- Provided information
• • • • • • •

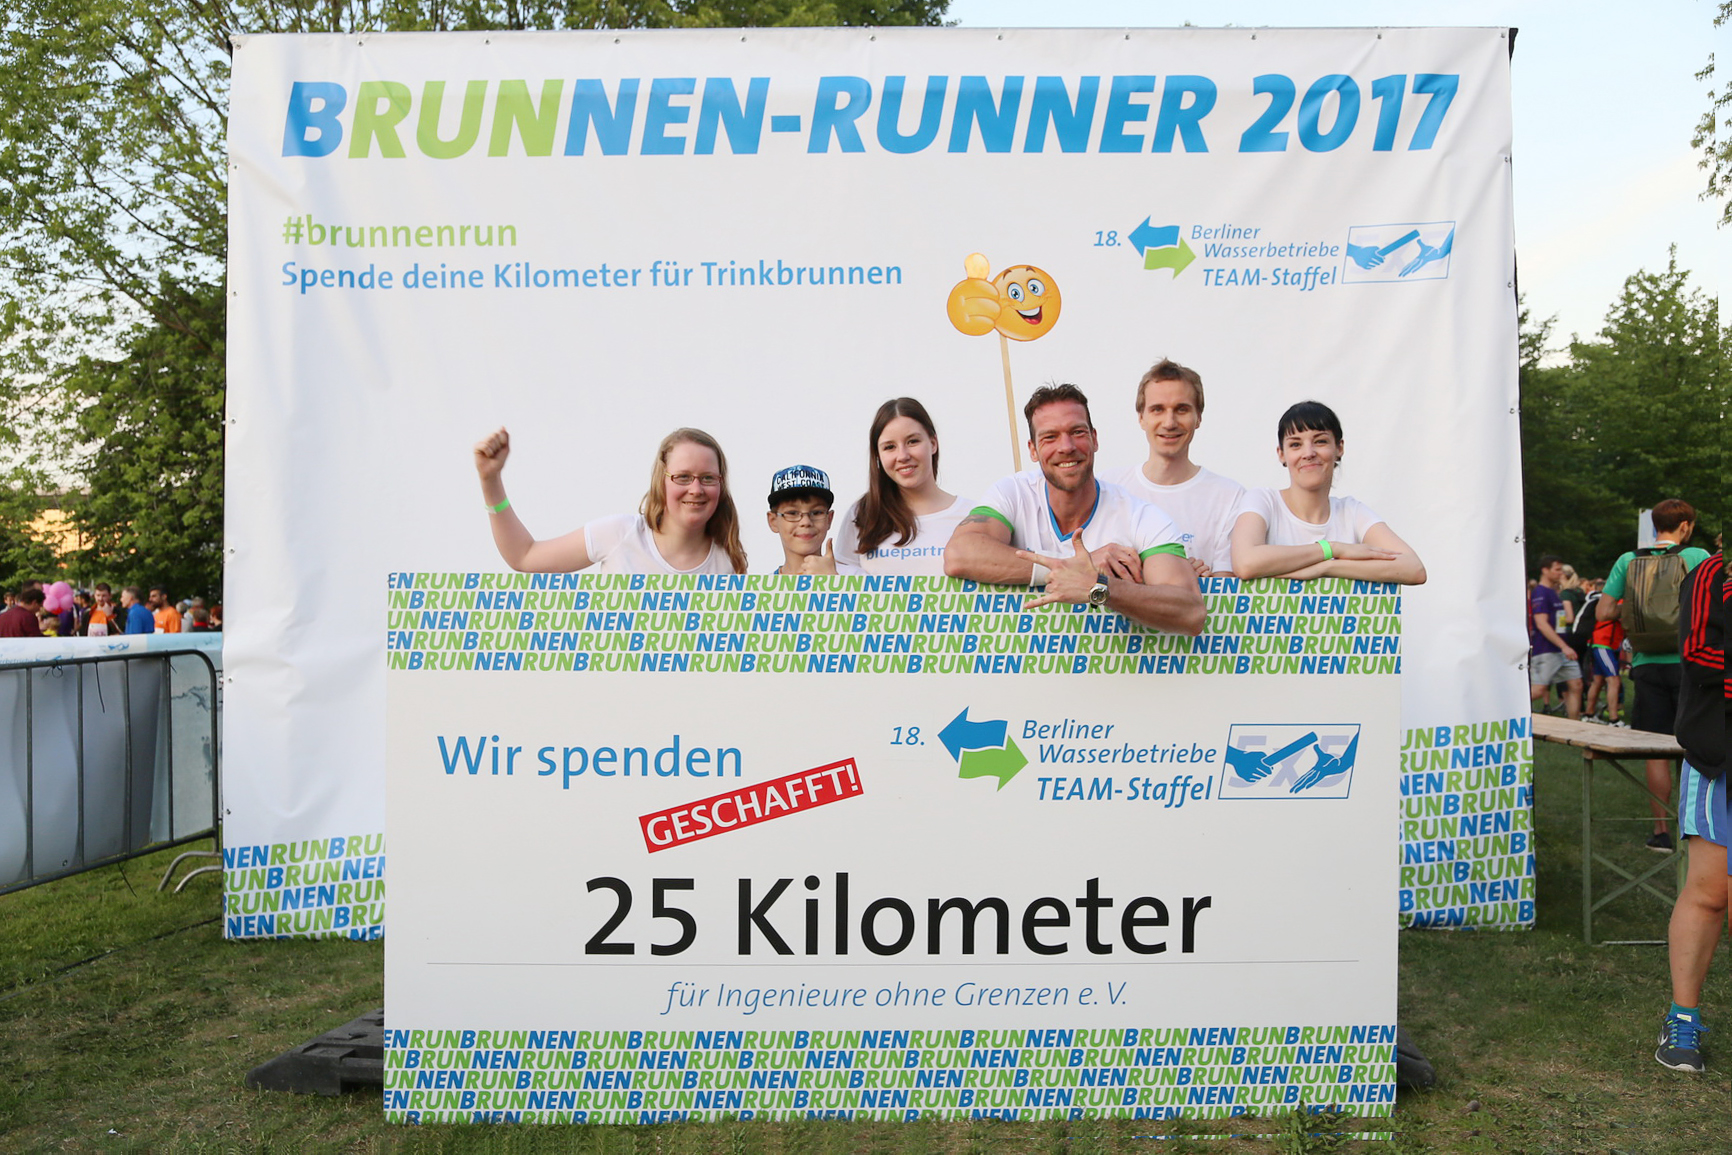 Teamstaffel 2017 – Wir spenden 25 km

• • • • • • •

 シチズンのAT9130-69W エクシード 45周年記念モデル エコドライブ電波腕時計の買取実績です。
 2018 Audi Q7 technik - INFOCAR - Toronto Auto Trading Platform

• • • • • • •

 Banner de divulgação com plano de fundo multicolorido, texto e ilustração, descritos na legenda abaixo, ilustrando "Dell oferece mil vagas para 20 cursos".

• • • • • • •

- Aim of the task
Output the lines above between the one holding "シチズンのAT9130-69W エクシード 45周年記念モデル" and the one holding "2018 Audi Q7", inclusive, with nothing before or after them.

- Reply to the exercise
 シチズンのAT9130-69W エクシード 45周年記念モデル エコドライブ電波腕時計の買取実績です。
 2018 Audi Q7 technik - INFOCAR - Toronto Auto Trading Platform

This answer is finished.